Мама, обычно шумная, экспансивная женщина, в подобного рода ситуациях становилась неузнаваемой: сама сдержанность, четкость действий, спокойствие. Так повела она себя и на сестрорецком вокзале. Тем более что у нее уже имелся некоторый опыт на собачьем фронте. В предыдущее лето, изменив Сестрорецку, мы жили на даче в Луге. Фамилия хозяина — Гиль, кажется, родственник шофера Ленина. У хозяина дачи была охотничья собака, великолепный пес, похожий на Белого Бима Черное Ухо, такой же добряк и умница. Мы, ребятишки, обожали с ним возиться, а он особое предпочтение отдавал Машеньке, девочке с соседней дачи, был ее верным стражем и защитником. И вдруг довольно сильно покусал Машеньку. Она с плачем побежала к бабушке, та попросила Гиля впредь держать пса на привязи, но Гиль принял более решительные меры: он застрелил собаку и зарыл в саду. Вот тут и выступила на авансцену наша мама. Сдержанно, спокойно потребовала экспертизы. Хозяин заартачился: убита — зарыта. Мама — в милицию. Заставили откопать, отрубить голову, отвезти в Пастеровский институт. Заключение: бешенство. Машеньку увезли на уколы. Помню, что долгие годы, вплоть до самой войны, ее родители присылали маме новогодние поздравительные открытки с непременной благодарностью за спасение их девочки.
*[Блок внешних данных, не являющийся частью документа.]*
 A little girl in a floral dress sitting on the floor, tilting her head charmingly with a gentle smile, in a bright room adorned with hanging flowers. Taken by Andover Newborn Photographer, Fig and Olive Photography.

Пограничная собака была конечно же вне подозрений. И все же мама вступила в переговоры с молоденьким командиром пограничников, носившим два «кубаря» в петлицах, по-нынешнему — лейтенантом. Спокойно договорились обо всем необходимом в таких случаях и прежде всего о ветеринарной справке на собаку. В понедельник за этой бумагой поехал в Белоостров, в штаб погранотряда, мой старший брат Валька, но вернулся без нее, произошла какая-то задержка с оформлением. И мама повезла меня к «Пастеру» на Петроградскую сторону. Я получил укол в живот. Второго не последовало, прибыл документ: овчарка в полном здравии… Через много-много лет я познакомился с генералом А. из пограничных войск. Сюжет требует, чтобы он оказался тем самым лейтенантом с сестрорецкого перрона. И я не могу не уступить требованиям сюжета. Генерал помнил тот случай, помнил пса. Это был ставший впоследствии знаменитым Азиат. Опробовав впервые молодые зубы на будущем специальном корреспонденте «Огонька» и определив этим его карьеру, Азиат за время долголетней службы на границе участвовал в задержании 119 нарушителей.
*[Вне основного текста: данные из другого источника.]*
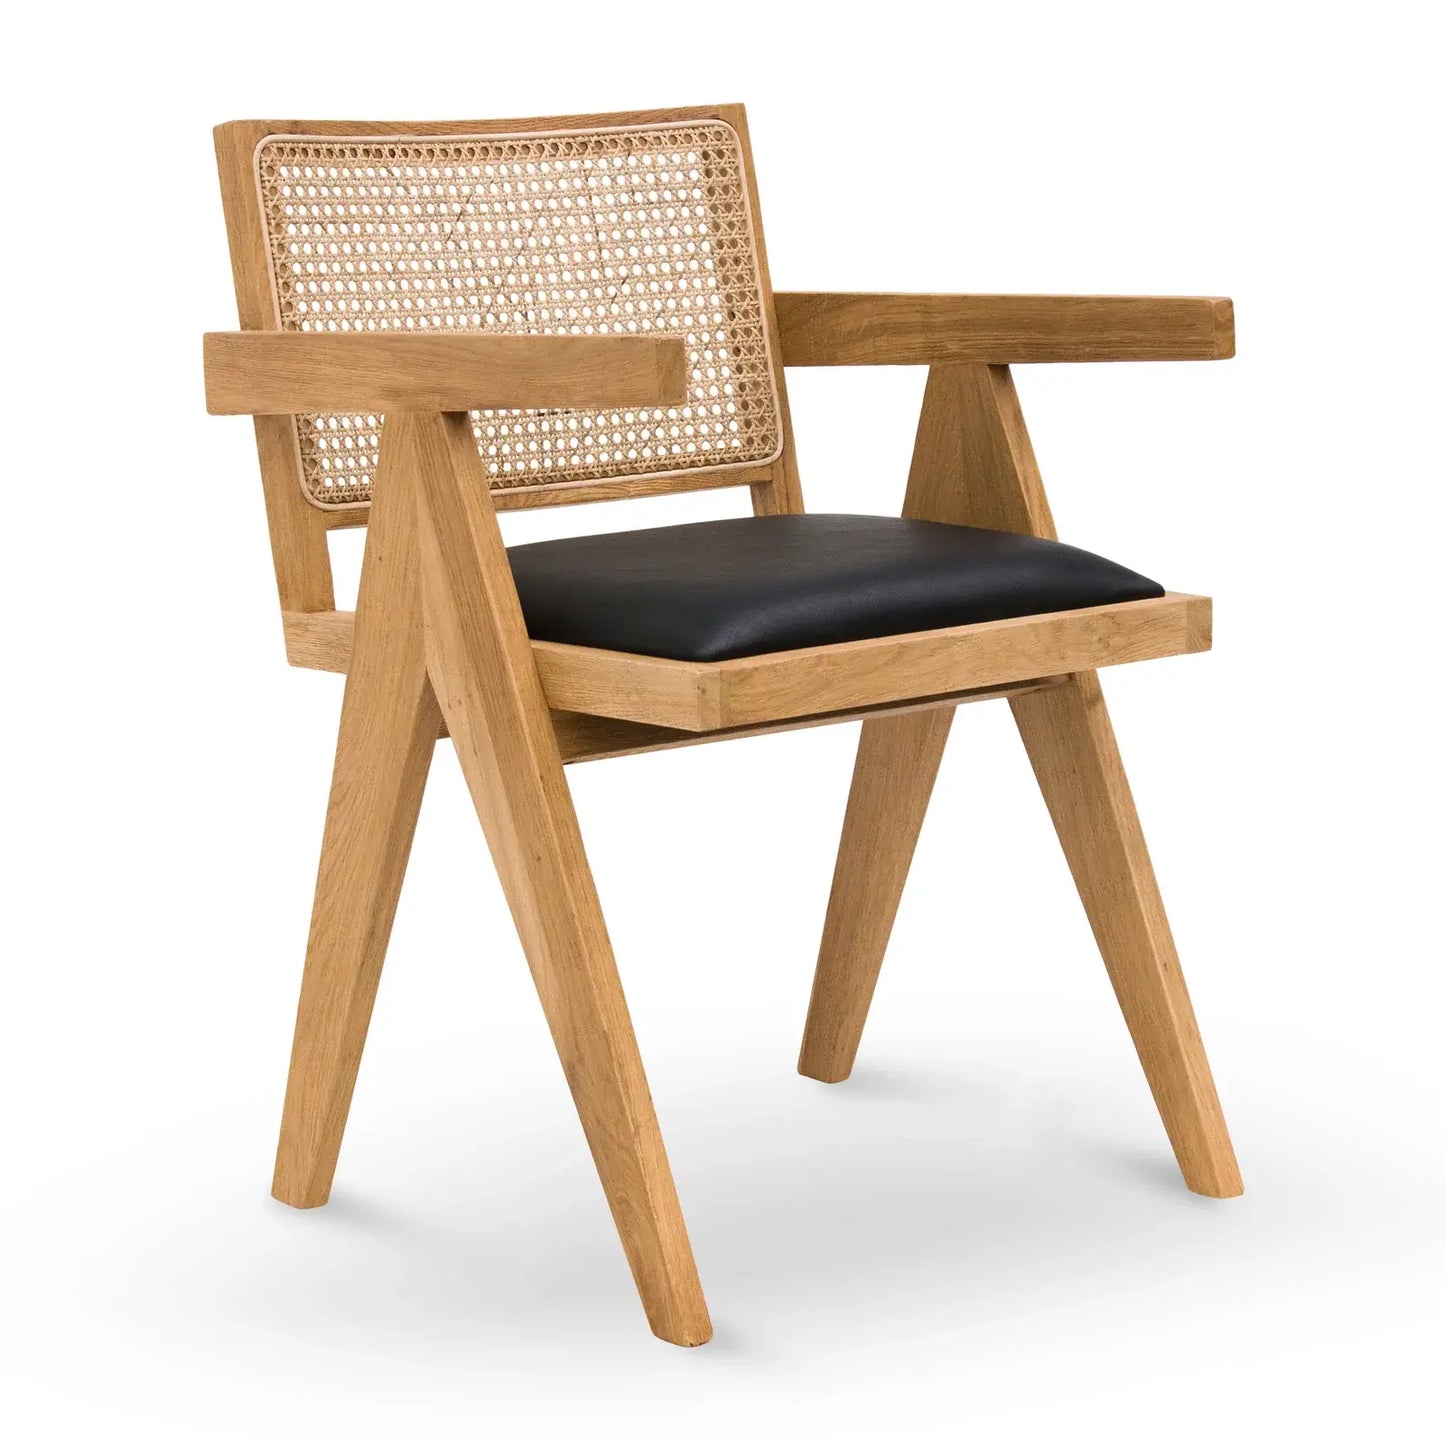 Oak View | Rattan PU Leather Wooden Dining Chair With Arms | Natural

Сюжет есть сюжет, и он развивается.

Мысль о свидании с Сестрорецком не оставляла меня и вскоре осуществилась.

В день отъезда произошел эпизод, придавший всей поездке символический, если хотите, характер.

Я стоял на Беговой улице в ожидании троллейбуса. А машина все не шла и не шла. «Пока водители в «козла» не добьют, не дождешься, а потом гуськом потянутся…» — сказали в очереди. Я торопился и, увидев показавшийся на мосту трамвай, который тоже мне годился, побежал ему навстречу через дорогу к остановке. А мне навстречу, наперерез из проезжавшего мимо «жигуленка» выкатился в неожиданно приоткрывшуюся дверцу бесформенный комок шерсти с зубами. Крошечный собакевич, столкнувшись с препятствием, в прыжке ловко цапнул меня чуть пониже исторического в моей жизни, пятидесятилетней давности, укуса. В происшедшем можно было углядеть некий вещий знак, напутствие свыше и уж, во всяком случае, совершенно определенную связь времен.

Она, связь времен, если перейти от шутки к серьезному тону, сопутствовала мне, а скорее сказать, преследовала меня во все дни пребывания в Сестрорецке.

В первое же утро на даче у Березкиных мы поднялись с Валентиной пораньше, пока хозяева спали, и тихонечко, дабы их не разбудить, отправились на розыски следов моего детства. Мы вышли проулком к левому берегу Гагарки, бывшему болоту, и упомянутых «следов» здесь, естественно, обнаружить не могли. Хотя когда-то мы, мальчишки, бывали и на болоте — лазали за клюквой, за кувшинками, вторгаясь в лягушачье царство. Гагарка была вся в густой тине, в которой и лодки застревали, и, чтобы перебраться с берега на берег, приходилось совершать солидный, чуть не с километр, крюк к железнодорожному мосту. Теперь через Гагарку перебросили еще один, широкий, железобетонный, прямо к Литейной, как раз и соединяющий ее с Приморским шоссе. А сама Гагарка очищена и превратилась в гавань для баркасов, мотоботов, катеров; уходящих отсюда на рыбный промысел в залив. По ассоциации, по контрасту с этими суденышками — вон одно с грозным именем «Корсар» на борту продирается, постукивая дизельком, к устью — я подумал о больших океанских кораблях, которые проектирует в своем КБ Шурик Н., лауреат, профессор, доктор технических наук; с ним мы в малолетстве тоже, как и с Валькой Зощенко, гоняли в футбол и лазали за клюквой на болото. А вот и дача, где жил с матерью Шурик, ее легко отличить, от соседних по кирпичному нижнему этажу и наружной йной, если сохранилась?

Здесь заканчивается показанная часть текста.